Over the next week I visited several other areas of Nairobi, upon reflecting on these visits I found that I felt no real emotions in response. I felt a numbness or separation from the horrific poverty and living conditions I was witnessing daily. I found myself greatly disturbed by my lack of emotion, which felt to me like lack of empathy. I had many conversations with friends who tried to help me understand my reaction. But I wasn’t satisfied. It wasn’t until I started describing in greater detail some of the things I had seen to a friend back home that I realized that I was actually very much affected by everything I had seen and all the stories I had been told. Typing out the stories over a g-chat, almost in tears in Undugu’s office, I happily realized that I am still human! I simply didn’t known how to process everything I was taking in. This resulted in a sort of paralysis, which really was not allowing me to do my work effectively. I am supposed to be “telling the story” and not just reflecting on the story endlessly.

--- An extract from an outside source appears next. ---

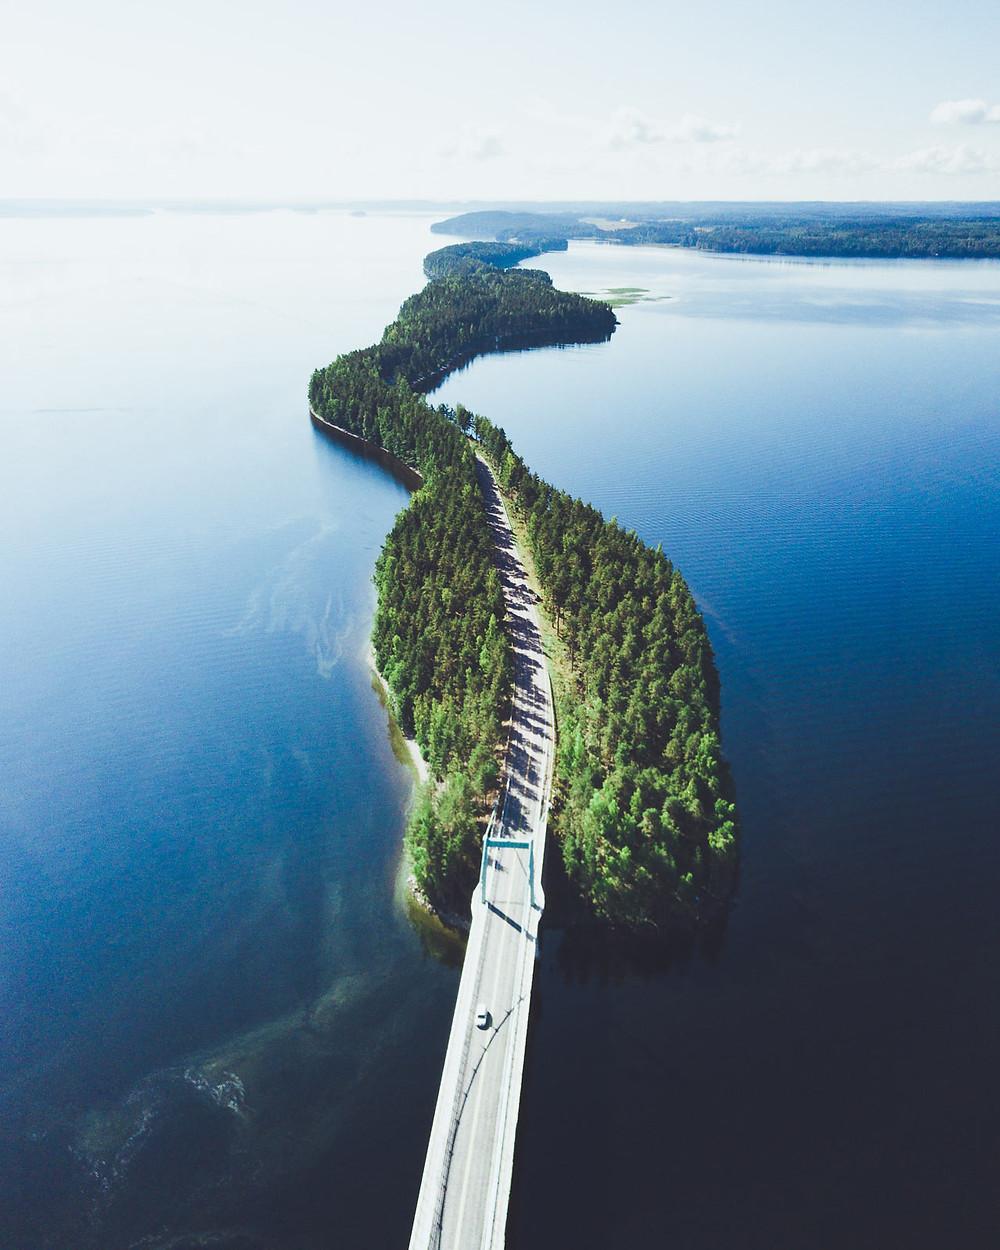 Kuvituskuva suomalaisesta järvimaisemasta kesällä - kuva unsplash.com

So, I suppose this gets to be my outlet. And it is time to start telling the story of the marginalized youth in Nairobi. But before I get ahead of myself, I will explain what exactly it is I am supposed to be doing here this summer. For the next two months I will be in Nairobi working with the Undugu Society of Kenya (USK). USK’s mission is to rehabilitate street children and empower communities. In the past few years they have added advocacy to their various programs, hoping to give a voice to the vulnerable and marginalized children and youth in Kenya.
Last year Kristina Rosinsky, another Advocacy Project Peace Fellow, started the Digital Storytelling Project, which allowed 12 young people belonging to Undugu’s informal schools and Street Associations to self-advocate using photography and blogs to tell their stories. Together they identified police harassment, glue-sniffing/drugs, and the environment as three of the biggest issues of concern in their lives. Unfortunately, for a multitude of reasons, once Kristina left the project was put on hold.
This summer I will be working with Barbara Dziedzic, another AP Fellow, as well as two of the young men who participated in the project last year, Martin and Joseph. Together we will be relaunching and retooling the program so that it may be sustained, hopefully for years to come. When I asked Martin and Joseph why they wanted to continue working on this project they explained the great need to change the negative stereotypes that young people face in Nairobi. Young people living in the slums throughout Nairobi are most often perceived to be violent criminals, perhaps this stereotype has grown even stronger as a result of the post-electoral violence last year. Martin also expressed the need to talk about the issues that they face everyday to try to change their circumstances. Their blogs can be accessed here: Martin Ndung’u and Joseph Gachira. And so that is what I will be trying to do this summer, or winter in Kenya: trying to help a new group of young people find their voices in the hopes of changing and bettering their lives.